内容简介:Tags:programming,This is just a brief post on the steps I took to confirm, locate, and backport the fix for a compiler bug that was plaguing a (professional) project that I work on. It’s a straightforward application ofI work on LLVM-based program analysis

May 7, 2020

Tags:programming, devblog

This is just a brief post on the steps I took to confirm, locate, and backport the fix for a compiler bug that was plaguing a (professional) project that I work on. It’s a straightforward application of git bisect , with a few observations:

  1. That even compilers have bugs (and that, depending on the context, the compiler might be the most buggy component)
  2. That git bisect is incredibly flexible and can work on extremely complex programs
  3. That backporting a fix isn’t always difficult or fraught

Background: the bug

I work on LLVM-based program analysis tools professionally, and currently work on a project that makes heavy use of a modified build of LLVM with some additional features.

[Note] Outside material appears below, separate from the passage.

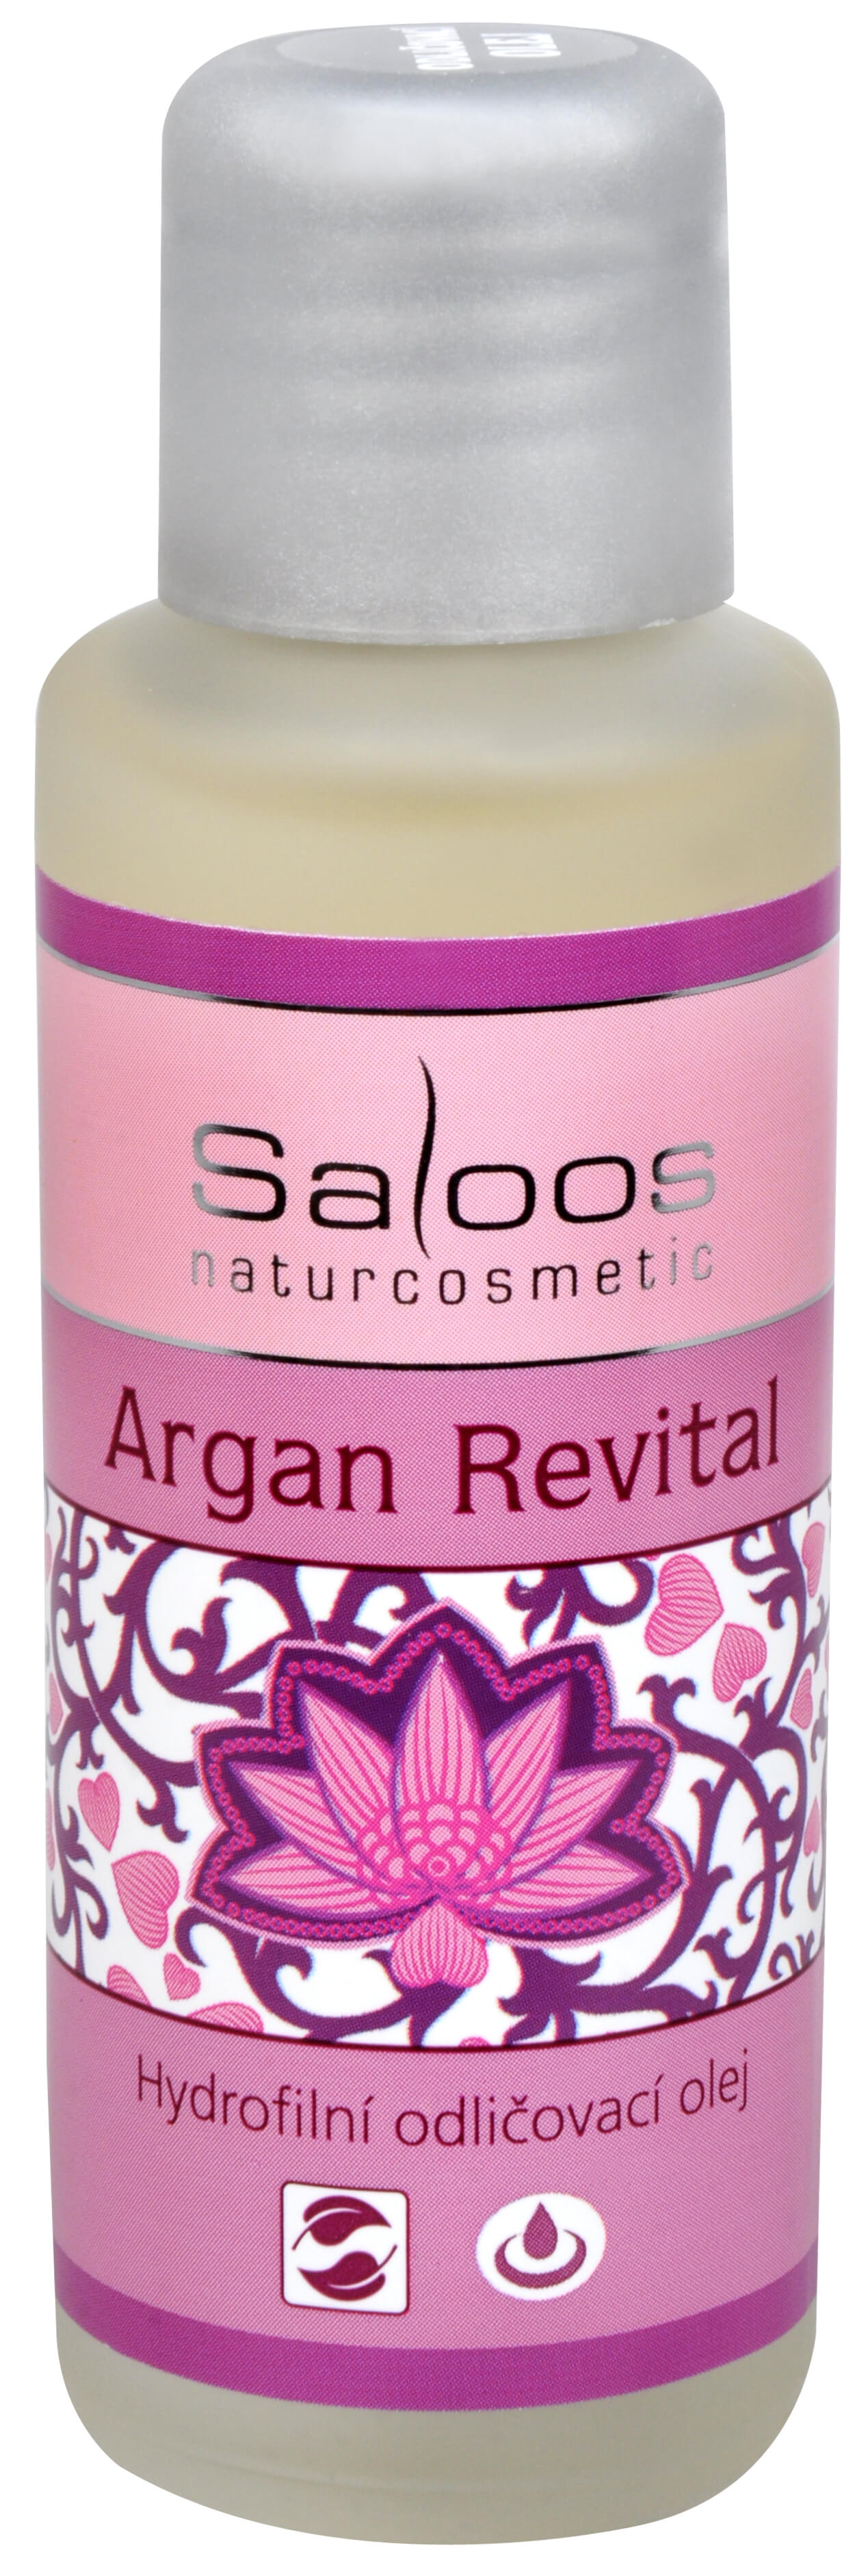 Zobrazit detail výrobku Saloos Hydrofilní odličovací olej - Argan Revital 50 ml

Many of the components that I work on assume that LLVM faithfully emits debug intrinsics (i.e. call void llvm.dbg.whatever ) and location expressions (i.e., DILocation , DebugLoc ) for every source-level variable.

This is normally a reasonable assumption, at least for unoptimized or less-optimized compilations, and allows us to make further assumptions about the information we find in DWARF after lowering.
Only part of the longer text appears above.